Through some back and forth during which the pair debated whether the Confederate monuments would be taken down, Spencer began to tell Jones what would happen should she push for statue removal in the south of the state:

“Continue your quixotic journey into South Georgia and it will not be pleasant. The truth. Not a warning. Those folks won’t put up with it like they do in Atlanta,” he wrote in one comment.

“I can guarantee you won’t be met with torches but something a lot more definitive…They will go missing in the Okefenokee. Too many necks they (sic) are red around here. Don’t say I didn’t warn you about ’em,” Spencer continued.

Jones, not backing down, called out Spencer’s comments, writing, “Sounds like a threat of physical violence… Is that what we are doing now? Desperate times call for desperate measures huh?…Enjoy but know, WINTER IS COMING. You know it too, otherwise you wouldn’t have found a need to even make this post or those hollow threats of not coming to south GA.”

In texts to the Atlanta Journal-Constitution, Spencer said he wasn’t threatening Jones, but wanted to warn her of south Georgia’s resistance to removing Confederate monuments.

“She is from Atlanta—and the rest of Georgia sees this issue very differently,” Spencer wrote. “Just trying to keep her safe if she decided to come down and raise hell about the memorial in the back yards of folks who will see this as an unwelcome aggression from the left.”

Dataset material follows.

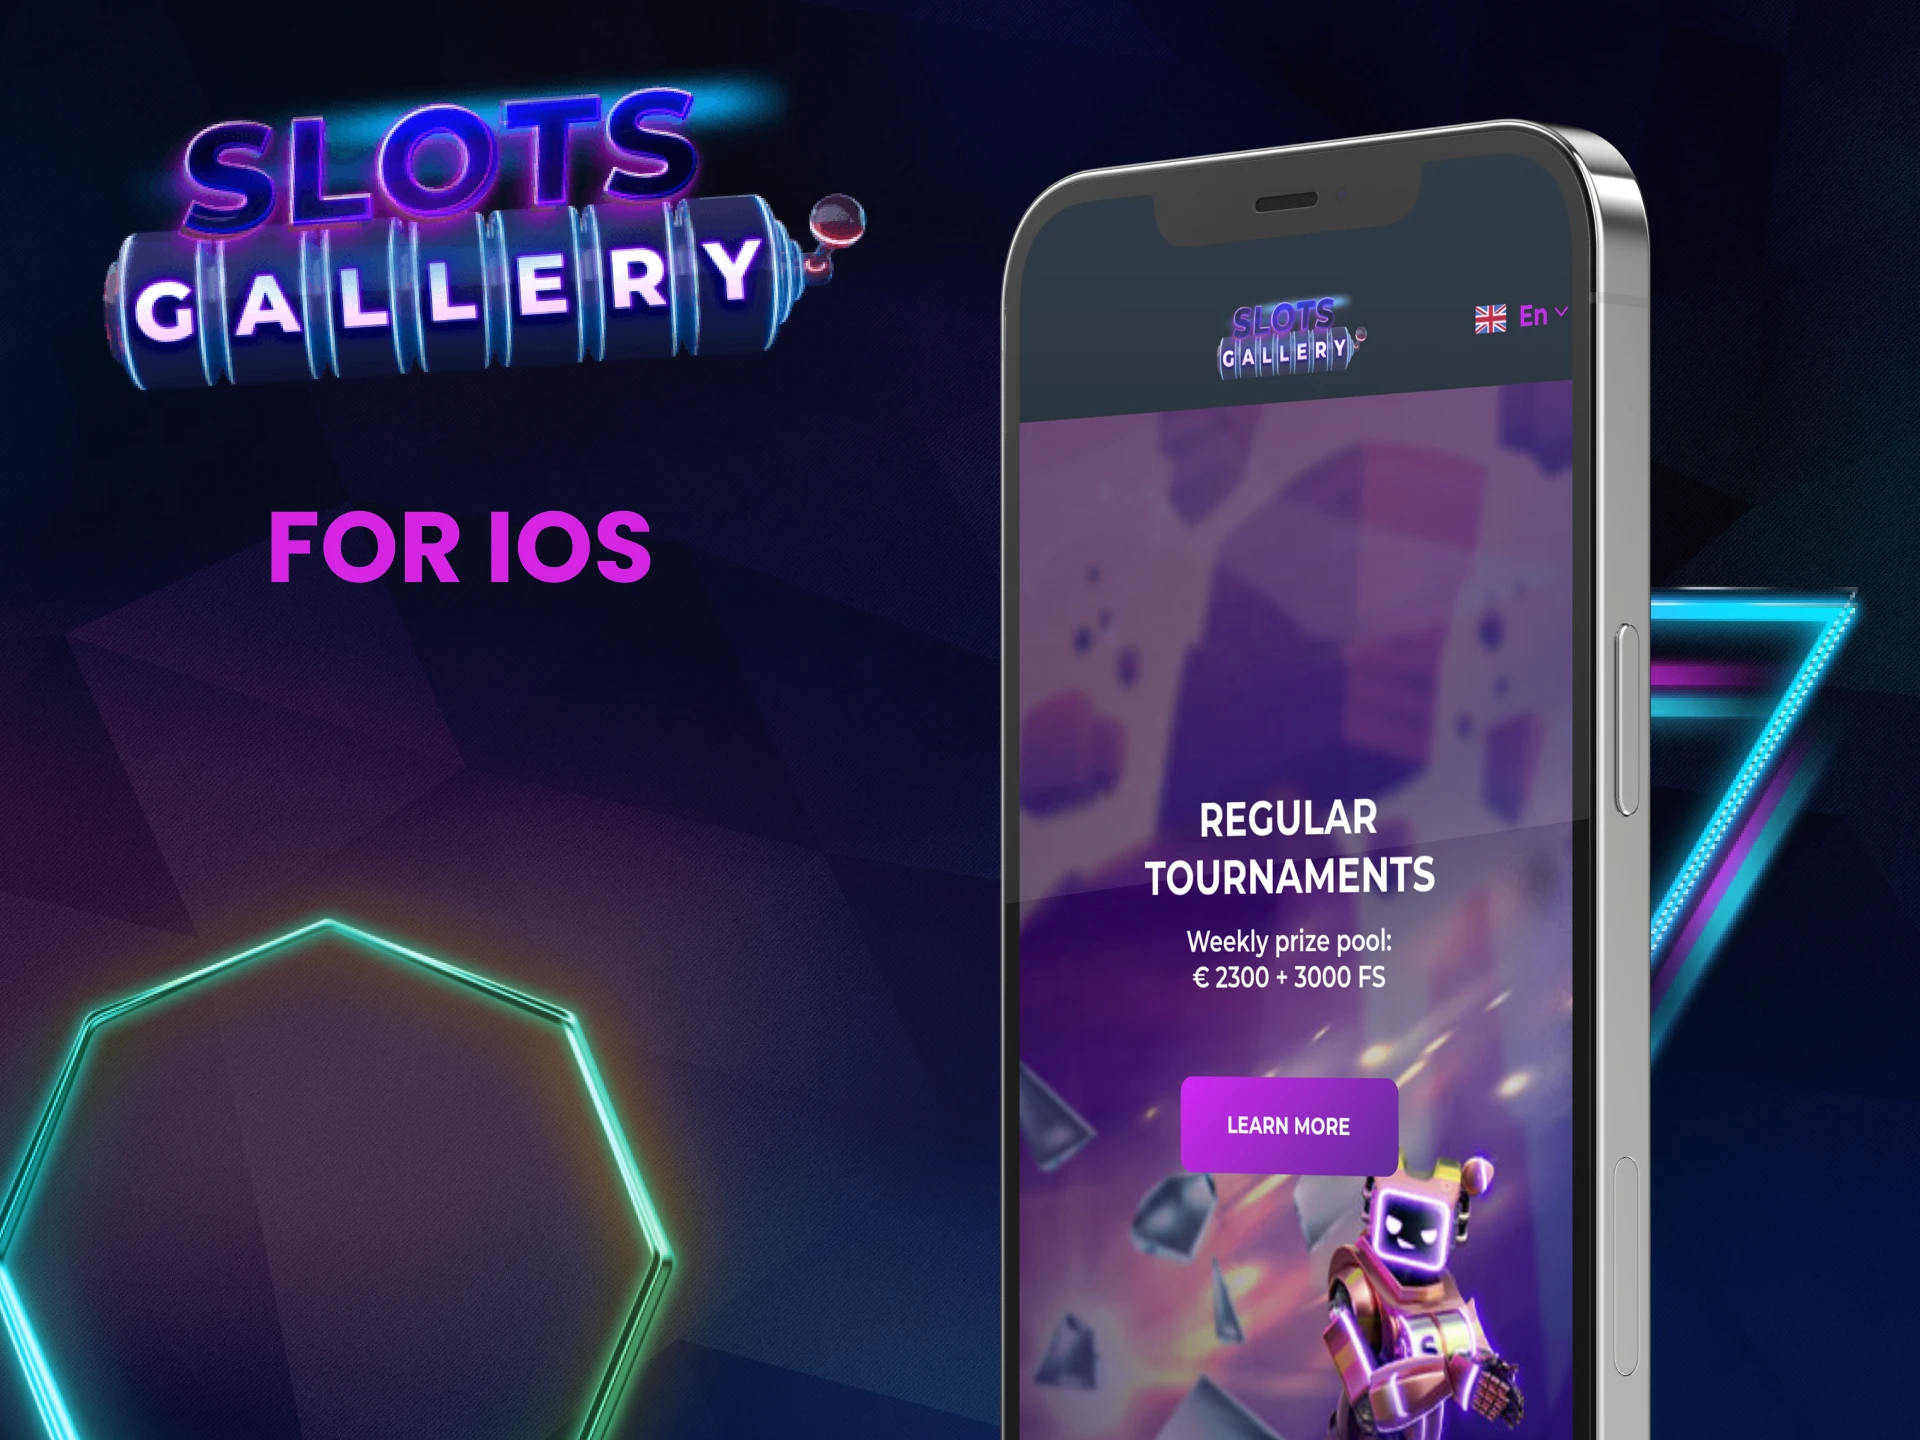 Download the Slots Gallery app for iOS.

Spencer also asked the publication to include the following photo of him at the unveiling of a Martin Luther King Jr. statue in their story:

https://www.facebook.com/photo.php?fbid=10155640725809156&set=a.85087334155.85497.632619155&type=3

While the Facebook exchange has since been deleted from his page, Spencer later shared a video of Jones’ appearance on Fox News with Tucker Carlson explaining that people watching the video would see Jones’ “passionate” personality and understand why he needed to warn her before pushing back against south Georgians. The post has also since been removed from his Facebook page as of Wednesday morning.

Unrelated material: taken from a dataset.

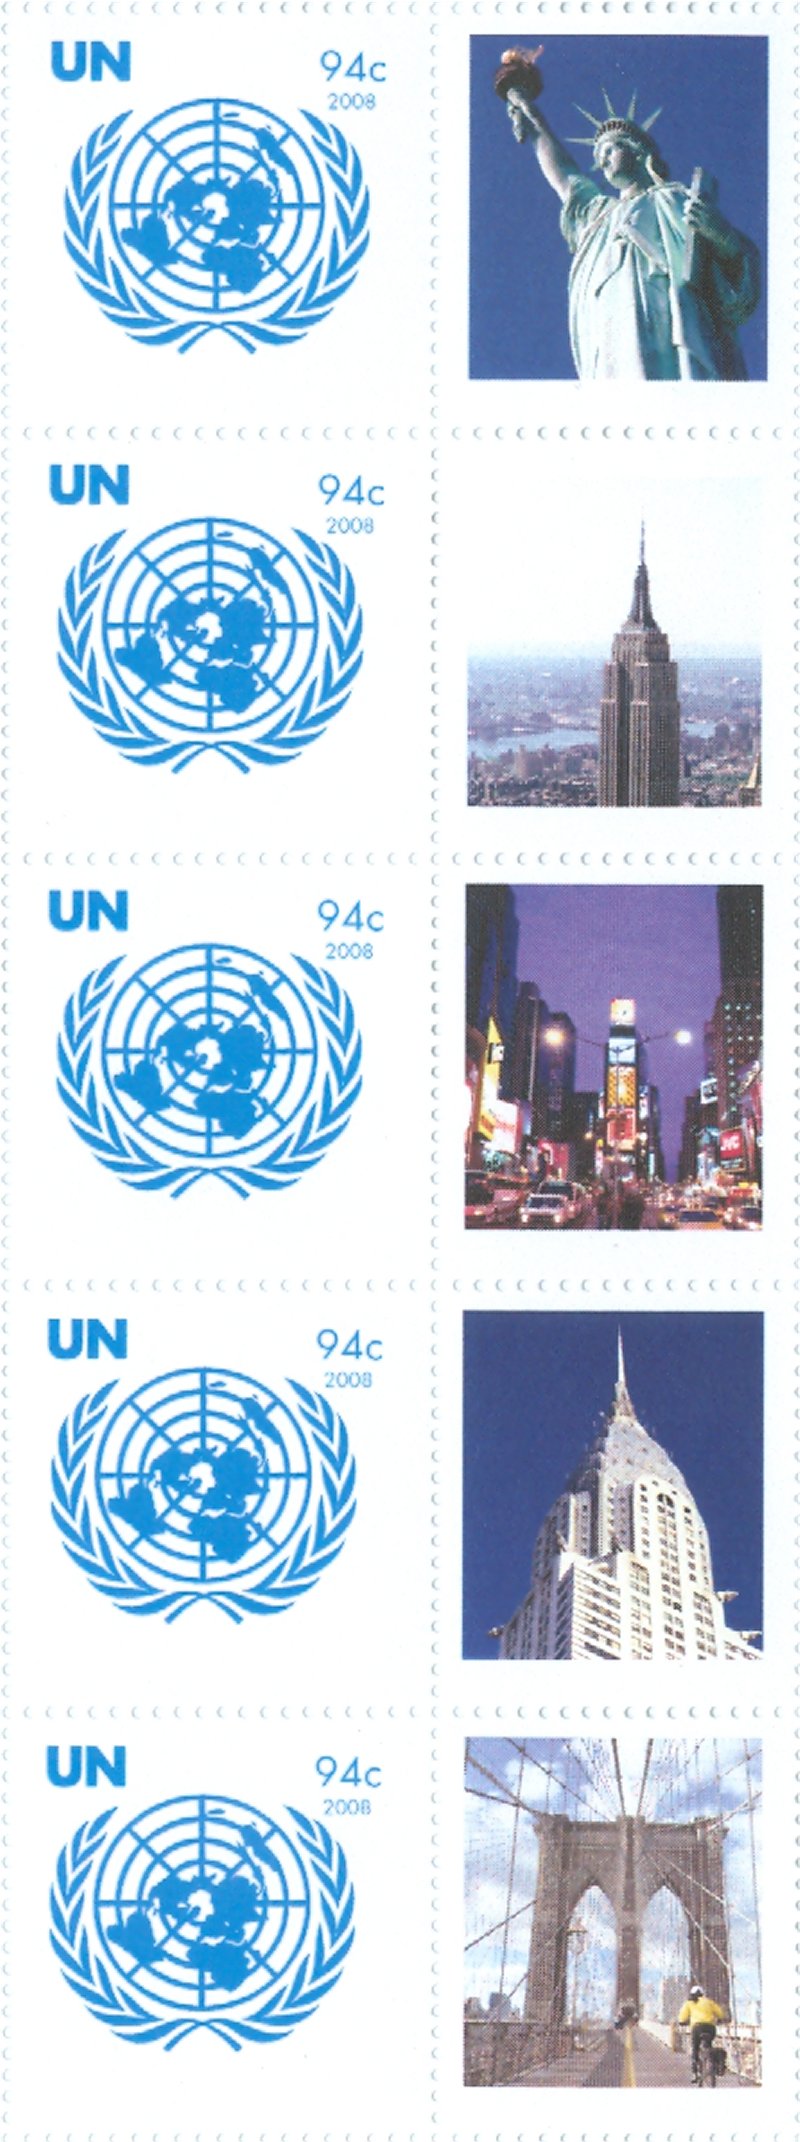 UNNY 959 94c Personalized stamp single with tab #ny959nhtab

“If it were anybody other than Jason Spencer, then I would be alarmed. But we had a unique relationship in the Georgia Legislature,” Jones told the Atlanta Journal-Constitution. If the threats hadn’t come from Spencer, she would take them seriously, but she still found his remarks “concerning.” “Because if that’s representative of what people in south Georgia think, then yikes.”